Mrs FS loves the Fat lass at the back range.
Since we bought some casteli kit whilst on holiday, Her other stuff was now too big and the pads were causing real discomfort, she has discovered the joys of buying cycling gear online....
However, I still can't seem to convince her that I need a new pair of Bib shorts, but that's probably something to do with the N+1 being still fresh in her mind


----------



## Smithbat (9 Jun 2016)

Firestorm said:


> Mrs FS loves the Fat lass at the back range.
> Since we bought some casteli kit whilst on holiday, Her other stuff was now too big and the pads were causing real discomfort, she has discovered the joys of buying cycling gear online....
> However, I still can't seem to convince her that I need a new pair of Bib shorts, but that's probably something to do with the N+1 being still fresh in her mind


I love looking at the Fat Lass range it is a little out of my price range at the moment though, I have found a cheaper supplier that goes up to my size called Tenn Outdoors.
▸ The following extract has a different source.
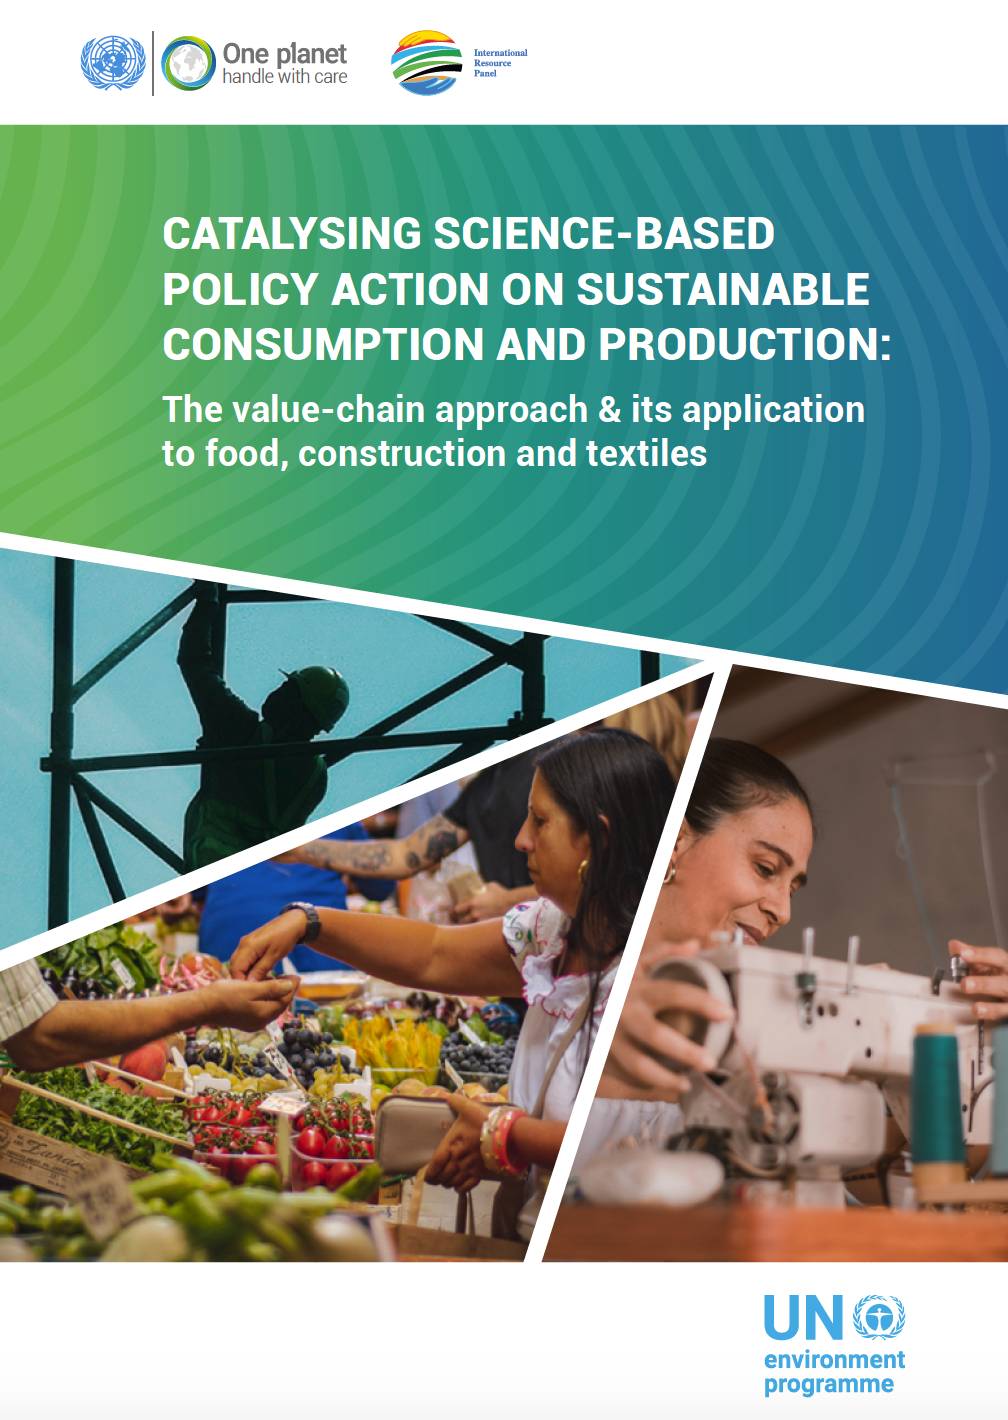 Catalysing Science-based Policy Action on SCP

I would have to agree with her about the N+1, birthday present or anniversary maybe?


----------



## GuyBoden (9 Jun 2016)

Hills seem double the height at the end of a long ride.


----------



## Firestorm (9 Jun 2016)

It was my N+1 , probably thinks I've spent enough this year.
I have tested the waters about getting her a road bike, she does rather like the look of the blue bianchis , but she really loves her specialized hybrid so its probably not really much of an option.
FLAB had a sale on, Mrs FS and a Sale are never more than two clicks apart....


----------



## Smithbat (9 Jun 2016)

Firestorm said:


> It was my N+1 , probably thinks I've spent enough this year.
> I have tested the waters about getting her a road bike, she does rather like the look of the blue bianchis , but she really loves her specialized hybrid so its probably not really much of an option.
> FLAB had a sale on, Mrs FS and a Sale are never more than two clicks apart....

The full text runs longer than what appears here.